Lorenza Böttner, Zeichnungen, Pastelle, Malereien, Video, Archivmaterialien, 1975–94, Privatsammlung, Installationsansicht, Neue Galerie, Kassel, documenta 14, Foto: Mathias Völzke

Lorenza Böttner, Zeichnungen, Pastelle, Malereien, Video, Archivmaterialien, 1975–94, Privatsammlung, Installationsansicht, Neue Galerie, Kassel, documenta 14, Foto: Mathias Völzke

Lorenza wurde 1959 als Ernst Lorenz Böttner in eine Familie deutscher Herkunft in Punta Arenas, Chile hineingeboren. Im Alter von acht Jahren erhielt si_er einen elektrischen Schlag, als si_er einen Strommasten hinaufkletterte, woraufhin beide Arme unter der Schulter amputiert werden mussten. Si_er kehrte mit der Mutter nach Deutschland zurück, um sich einer Reihe von plastisch-chirurgischen Operationen zu unterziehen und zog 1973 nach Lichtenau, eine Stadt in der Nähe von Kassel. Böttner wuchs als „Behinderter” auf und erlitt die gleiche Internierung und Ausgrenzung wie die sogenannten „Contergan-Kinder”, die mit morphologischen Unterschieden aufgrund von Auswirkungen des Arzneistoffs Thalidomid auf die Gebärmutter geboren wurden.

Lorenza lehnte ab, Armprothesen zu nutzen, entwickelte aber ein starkes Interesse für klassisches Ballett, Jazz und Stepptanz und lernte mit Füßen und Mund zu malen. Si_er studierte Malerei an der Kunsthochschule Kassel und schloss mit einer Arbeit mit dem Titel „Behindert?” ab, in der si_er die Kategorie „Behinderung“ auf der einen Seite infrage stellte und ablehnte, als „Freak“ angesehen zu werden, und auf der anderen Seite die Genealogie von Mund- und Fußmaler_innen erforschte.
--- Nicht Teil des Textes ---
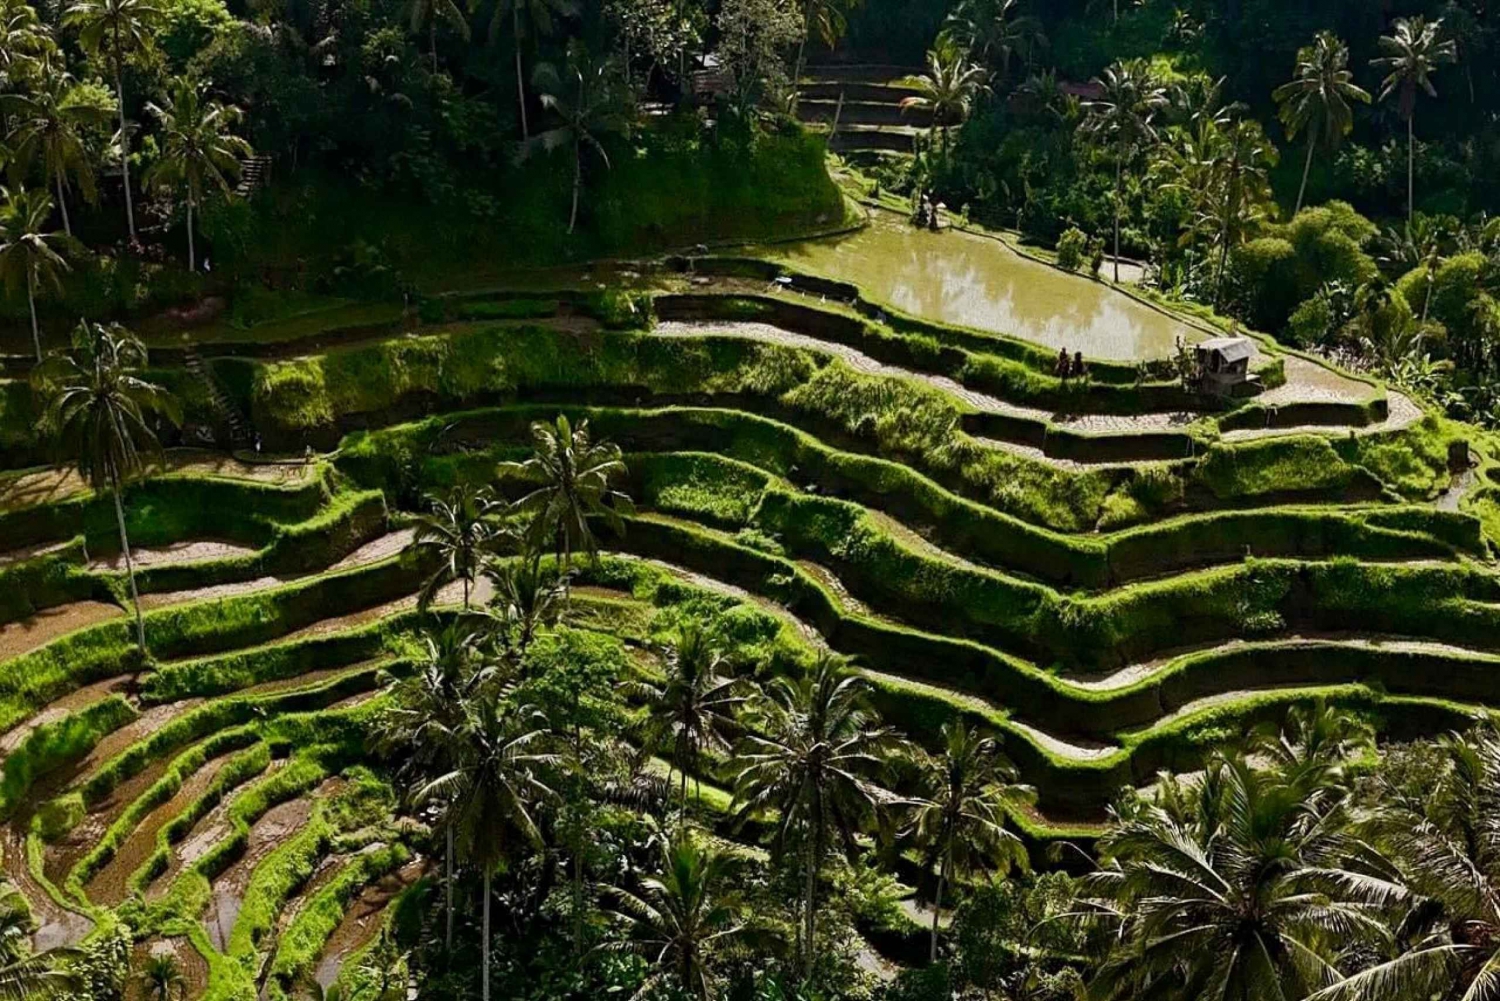 Ubud: Rice Terrace, Waterfall, Water Temple & More

In diesem Moment begann ein zweifacher Prozess der subjektiven und künstlerischen Selbstkonstruktion. Zunächst entschied Lorenz, den Namen Lorenza als Bestätigung einer offen weiblichen Transgender-Position zu nutzen. Lorenzas Zeichnungen und Selbstportraits als Frau, mit Füßen und Mund gemalt, in für armlose Körper entworfenen Frauenkleidern, sowie fotografische Sequenzen, die den Transformationsprozess dokumentieren, funktionierten als performative Technologien für die Erschaffung einer armlosen Transgender-Subjektivität. An zweiter Stelle, während der medizinische Diskurs und Darstellungsmodi beabsichtigen, den behinderten Körper zu entsexualisieren und geschlechtlos zu machen, erotisiert Lorenzas Performance-Arbeit den armlosen Transkörper, indem si_er ihn mit sexueller und politischer Potenz ausstattet.
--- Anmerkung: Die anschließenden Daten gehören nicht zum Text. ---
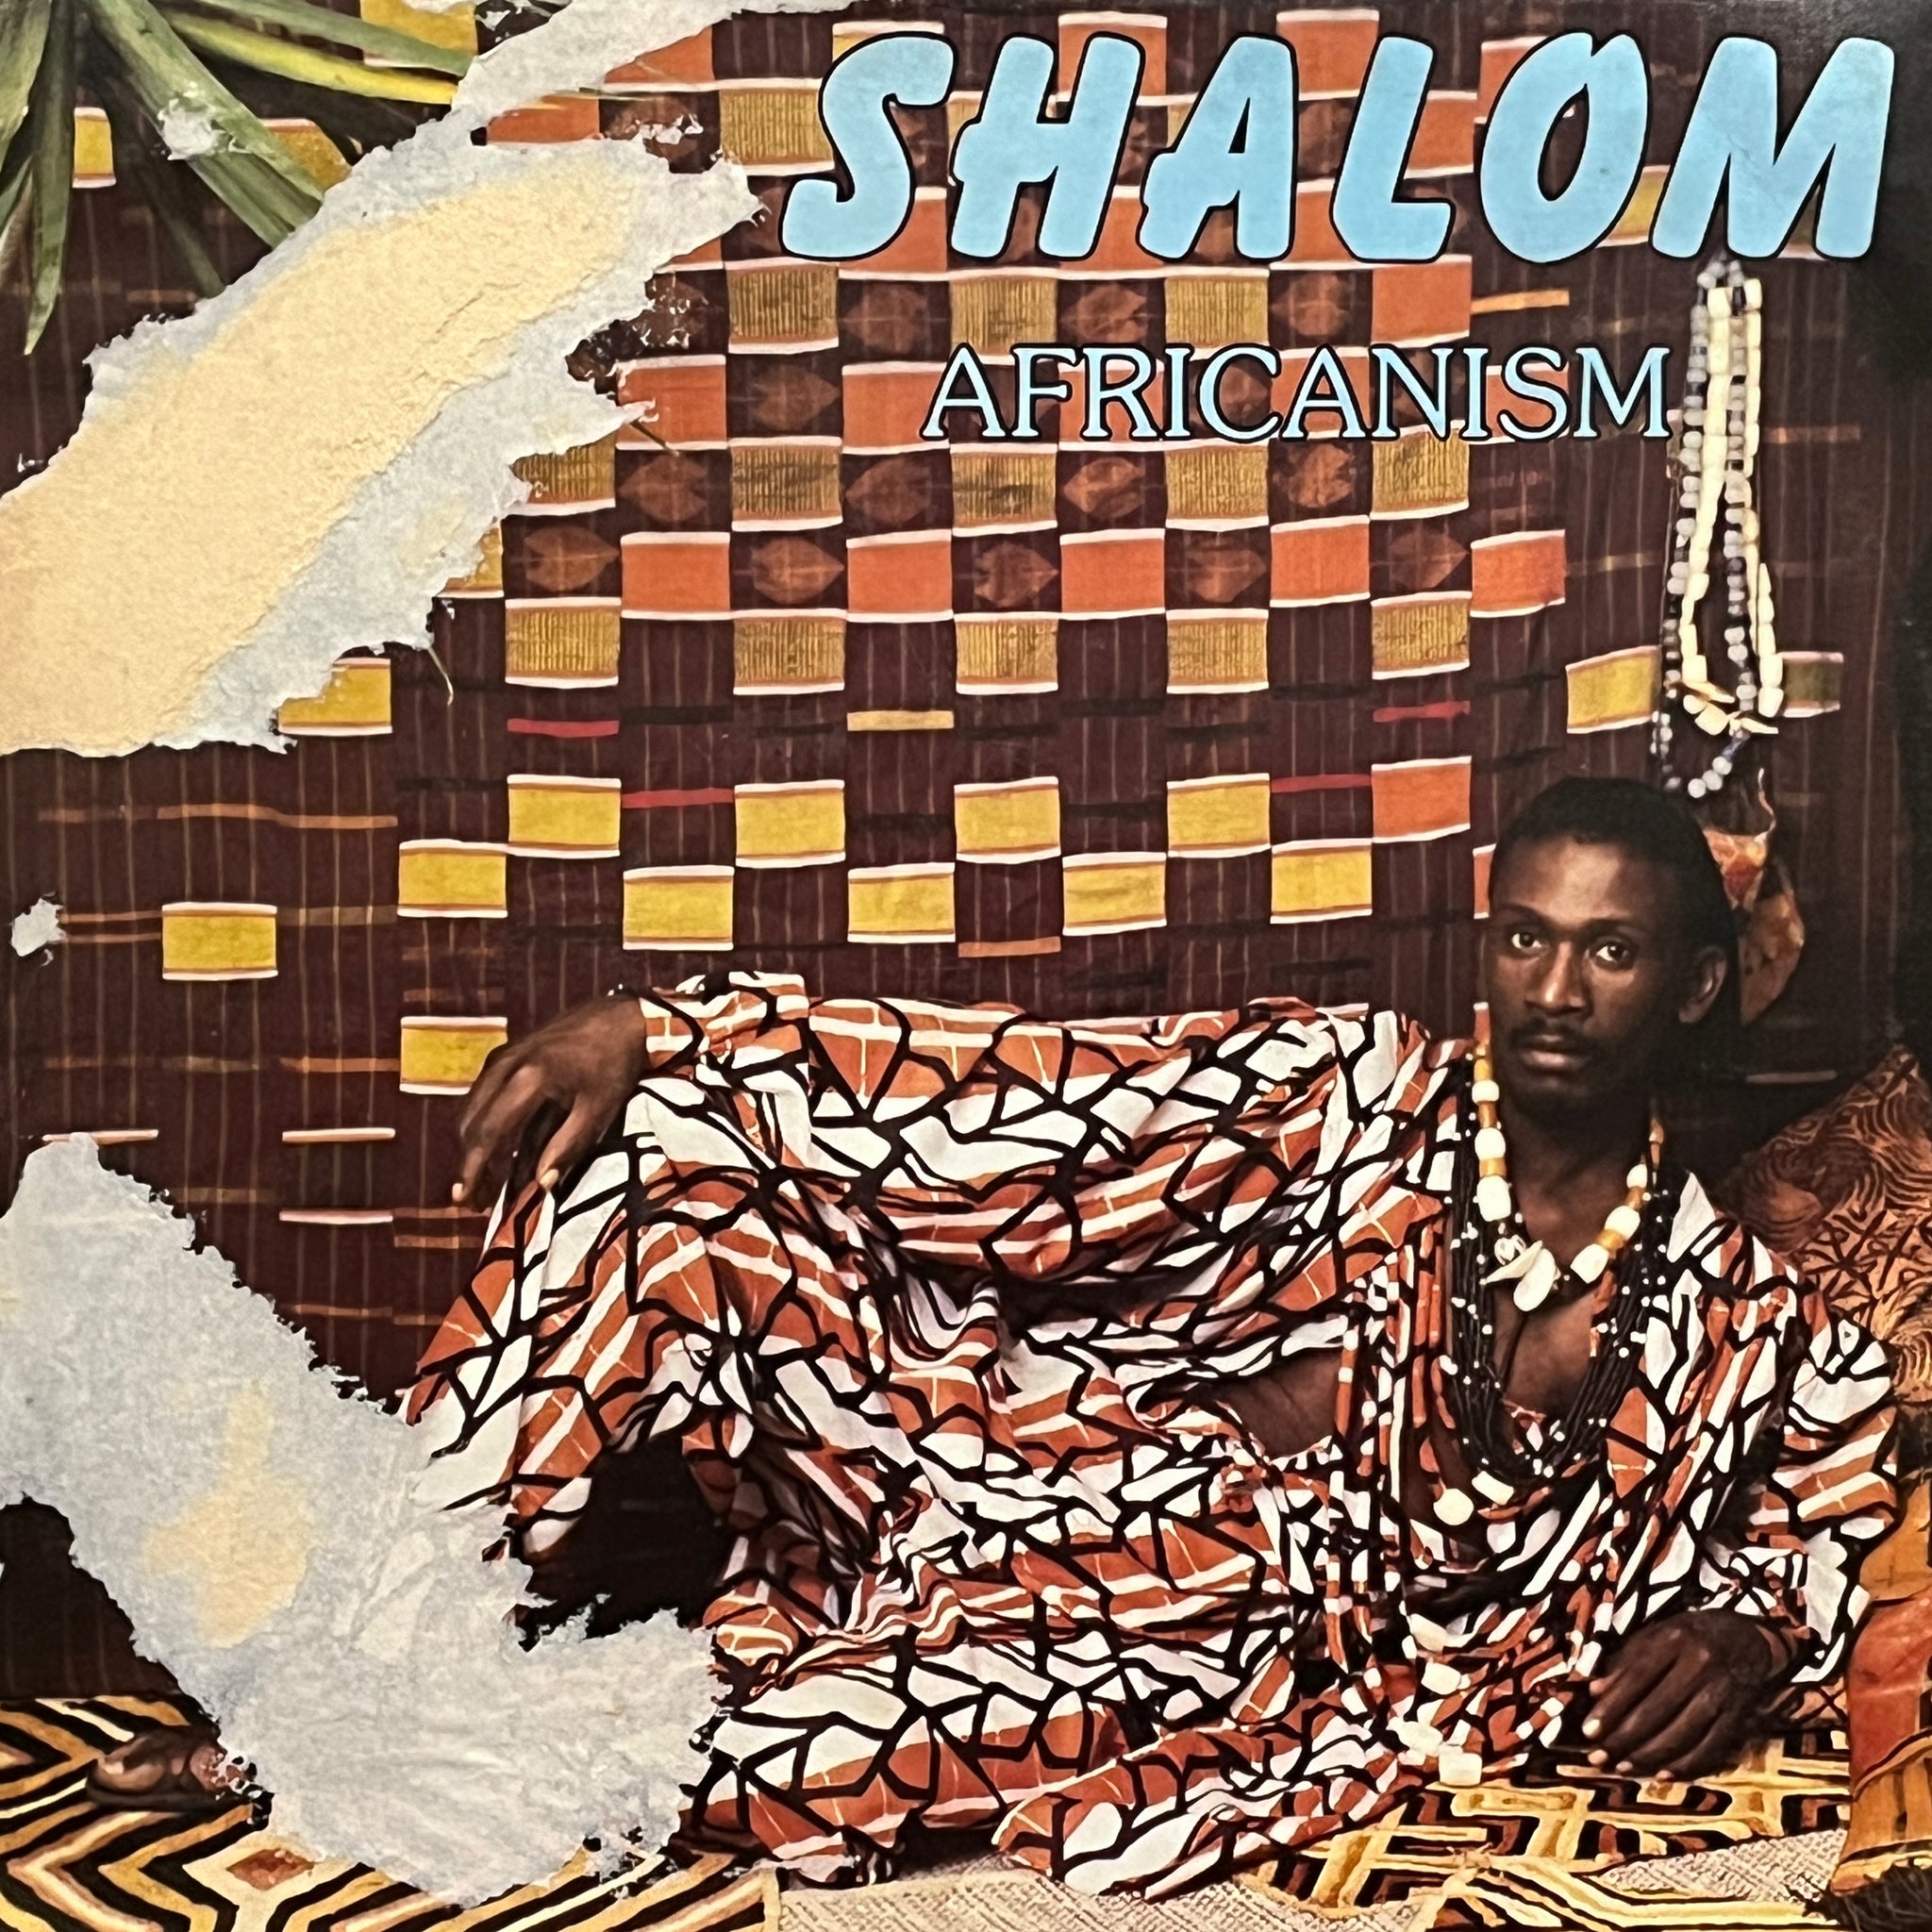 Shalom – Africanism

Lorenza transformierte die Praxis der Malerei zur Performance-Kunst, indem si_er die Straßen zur Bühne für die Politisierung des körperlichen Unterschieds macht. Auf diese Weise trat Lorenza in gewissem Maße in die Tradition der Mund- und Fußmaler, die ihren Lebensunterhalt mit Malerei in der Öffentlichkeit verdienen. Lorenzas Arbeit unterläuft diese Tradition der öffentlichen Malerei jedoch durch die dargestellten Themen (Selbstportraits als Frau, die ein Baby stillt, Szenen von Polizeibrutalität) und durch die Kombination der Mund- und Fußmalerei mit einer eher konzeptuellen Sprache, orientiert an zeitgenössischer Performance-Kunst. So zum Beispiel in der Performance Venus de Milo (zuerst in Kassel und später in New York und San Francisco), in der Lorenzas dissidenter Transgender-Körper zu einer lebenden politischen Skulptur, einem skulpturalen Manifest wurde.

Böttner stand mit dem Disabled Artists Network in Verbindung und trat in Kontakt mit Künstler_innen wie Sandra Aronson. Si_er verteidigte die Bedeutung von Mund- und Fußkunst und verlangte, dass diese von der Kunstgeschichte als Genre anerkannt werde. Si_er kämpfte aktiv gegen die Prozesse von Entsubjektivierung, Betreuung, Entmündigung, Internierung, Entsexualisierung und Kastration, die moderne Normalisierungsgesellschaften „körperlich Andersartigen“ zuschreiben. 1988 zog Lorenza nach Barcelona und wurde 1992 die lebende Verkörperung von Petra, dem von Mariscal entworfenen kontroversen paralympischen Maskottchen. Si_er starb 1994 an HIV-bedingten Komplikationen.